The Central Limit Theorem

2021-05-19T19:55:46-04:00

The central limit theory (CLT) states that when independent random variables are added, their properly normalized sum tends toward a normal distribution (a bell curve) even if the original variables themselves are not normally distributed. ~ Wikipedia

One constraint is that we must have finite variance, as that lowers the amount of outliers we see.
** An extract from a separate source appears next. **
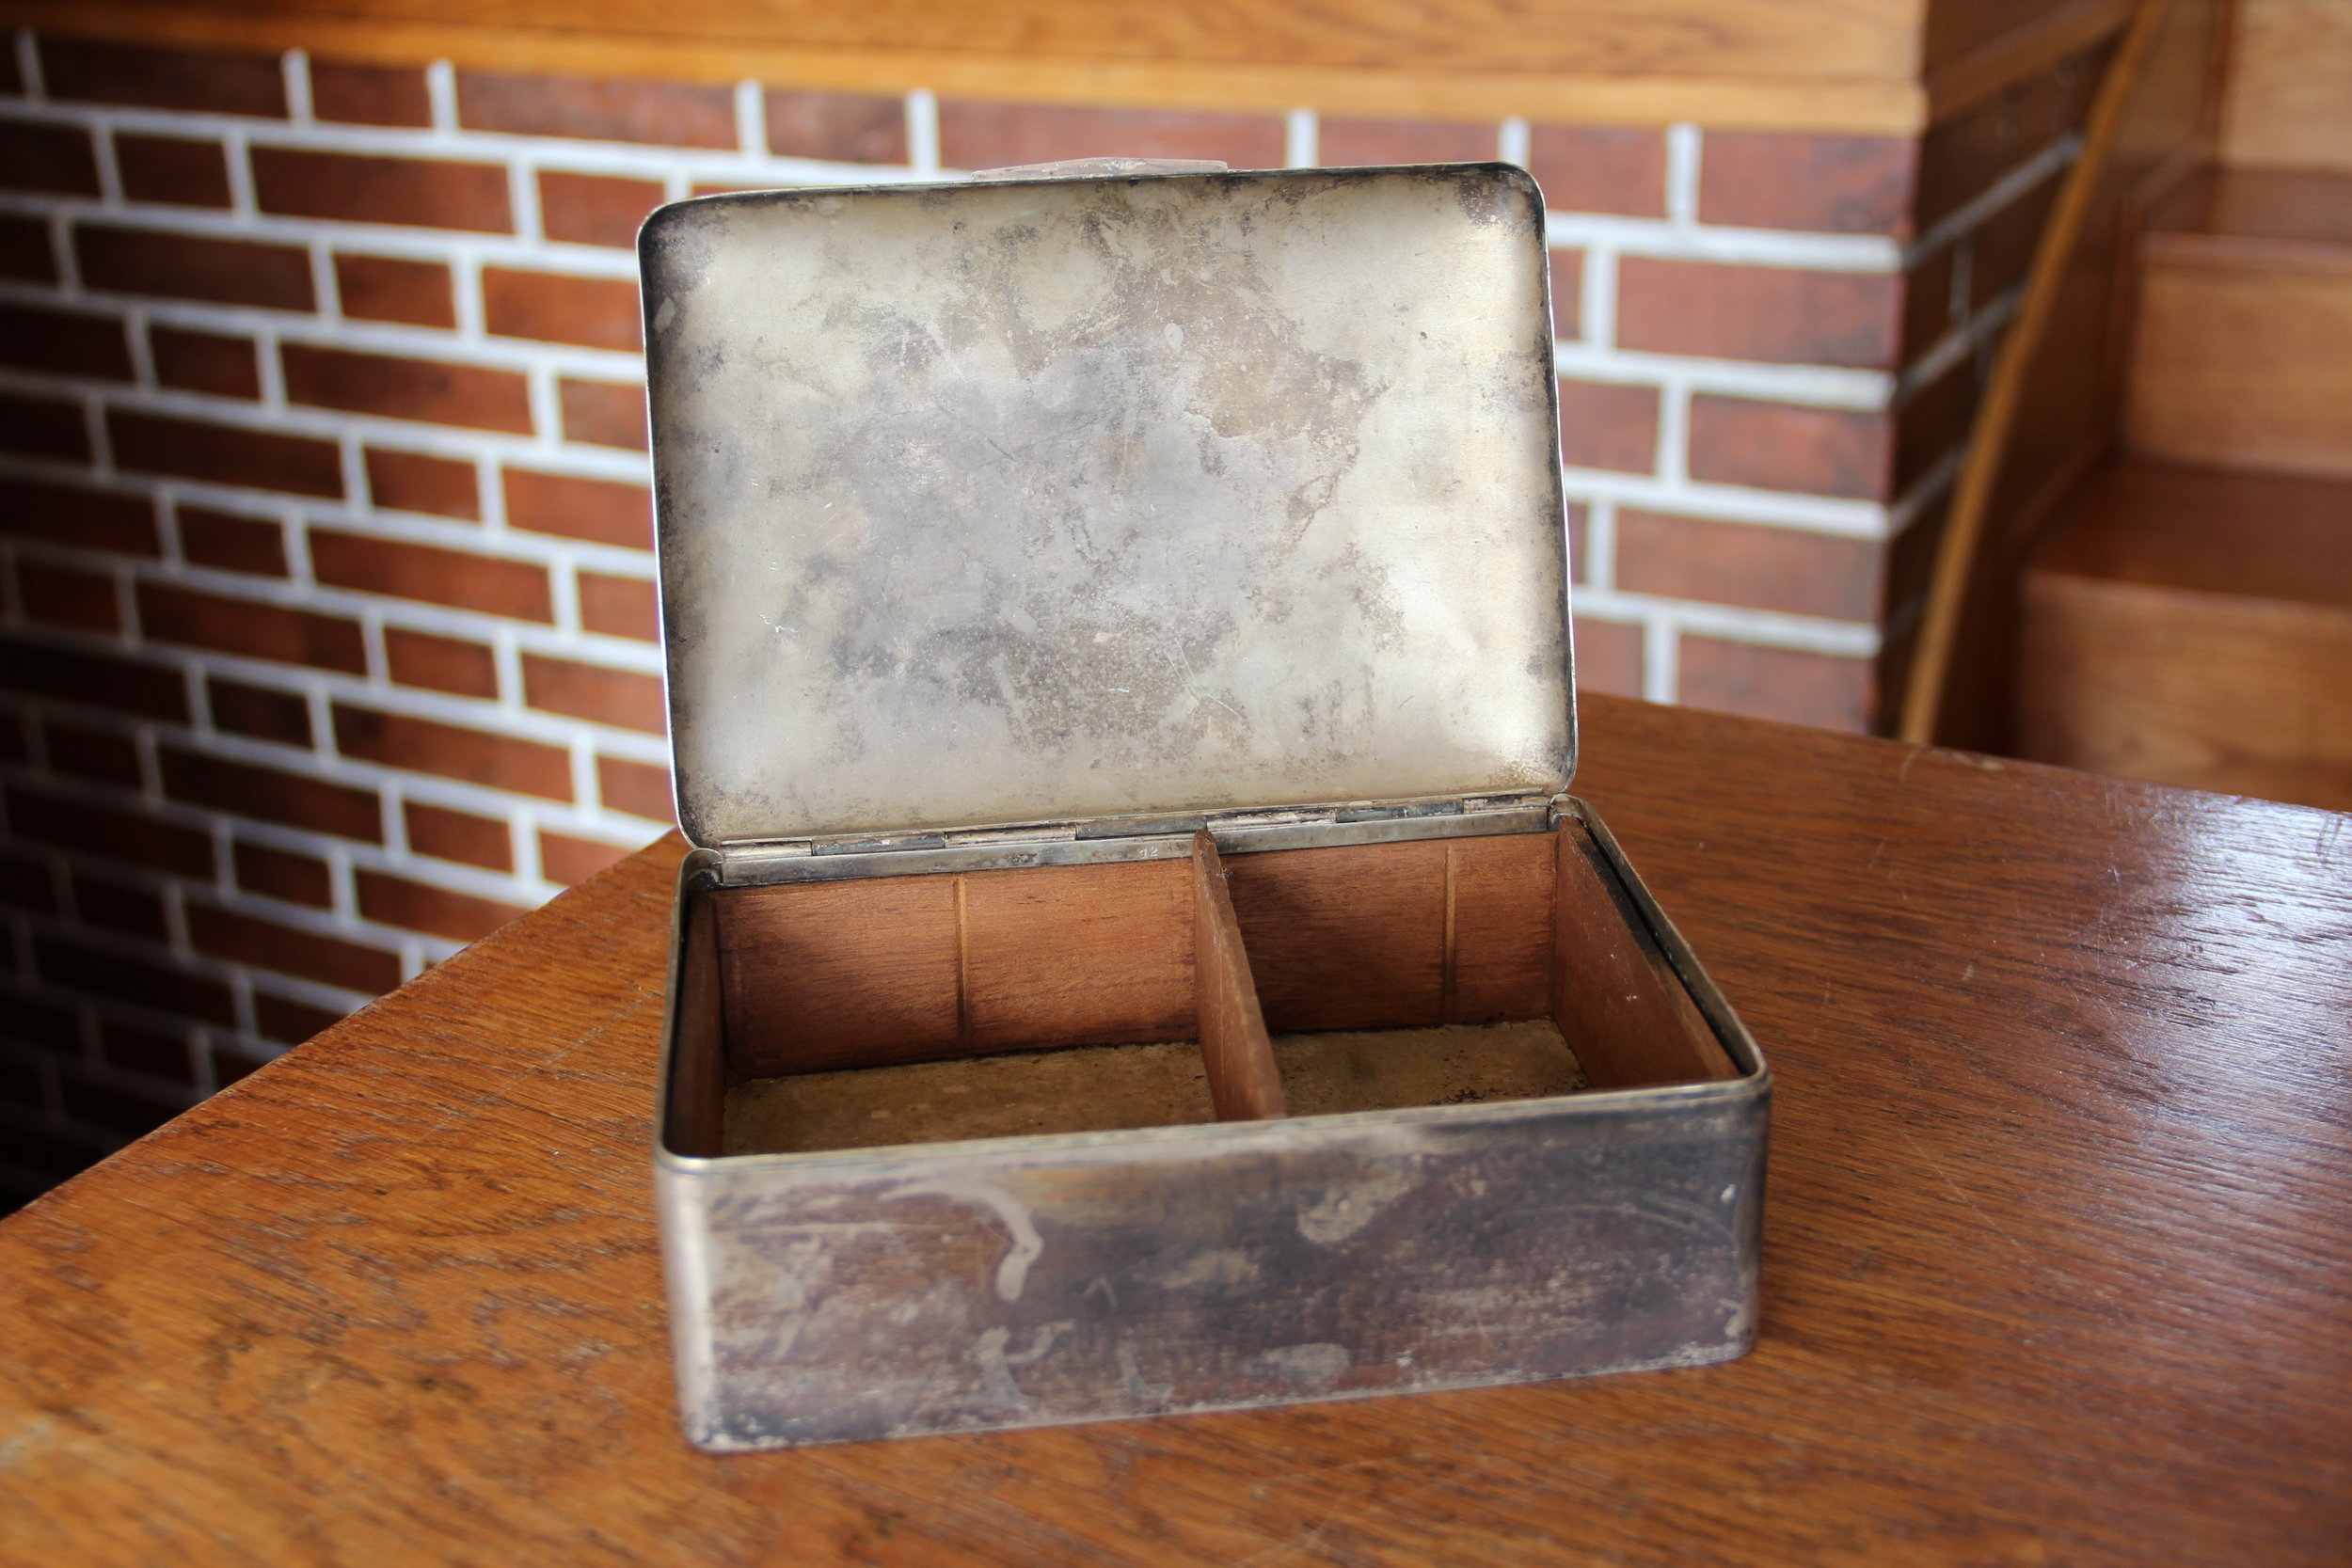 6. Krabička na karty, kov a dřevo, vyvolávací cena 800,- Kč

Let’s roll a dice 1000 times and see what that gets us:

from collections import Counter
import random

def r():
    return random.randrange(1, 7)


rolls = Counter()

for _ in range(1000):
    rolls[r()] += 1

sorted_dict = {k: rolls[k] for k in sorted(rolls)}

Running it I get this:

{1: 156, 2: 168, 3: 192, 4: 143, 5: 170, 6: 171}

1 was rolled 156 times
2 was rolled 168 times
3 was rolled 192 times
4 was rolled 143 times
5 was rolled 170 times
6 was rolled 171 times

You’ll see that there’s some variance, but we get a good enough result.

To test the central limit theorem, let’s try to roll two dice at the same time 1000 times and plot it.

Change this line to this:

for _ in range(1000):
    rolls[r() + r()] += 1

Here were the rolls:

{2: 22, 3: 59, 4: 81, 5: 110, 6: 149, 7: 174, 8: 144, 9: 101, 10: 77, 11: 53, 12: 30}

And here’s the distribution:

You’ll notice it’s starting to converge on 6 and 7, but 2 and 12 were fairly unlikely.

We’re starting to get a normal distribution!

Let’s do 5 dice rolls.

Change the line below:

for _ in range(1000):
    rolls[r() + r() + r() + r() + r()] += 1

Here’s the outcome:

{7: 2, 8: 8, 9: 8, 10: 14, 11: 33, 12: 35, 13: 54, 14: 72, 15: 61, 16: 85, 17: 94, 18: 93, 19: 108, 20: 88, 21: 82, 22: 65, 23: 37, 24: 22, 25: 17, 26: 11, 27: 8, 28: 2, 29: 1}

And the five dice rolls.

We get closer to a normal distribution.

Let’s do it a million times:

for _ in range(1000000):
    rolls[r() + r() + r() + r() + r()] += 1

Here’s the outcome:

{5: 147, 6: 600, 7: 1890, 8: 4469, 9: 9147, 10: 16052, 11: 26310, 12: 39423, 13: 54070, 14: 69536, 15: 83228, 16: 94310, 17: 99997, 18: 100488, 19: 94484, 20: 83745, 21: 69777, 22: 53880, 23: 39506, 24: 26489, 25: 16144, 26: 9076, 27: 4547, 28: 1900, 29: 649, 30: 136}

And hey look, that looks like a normal distribution to me!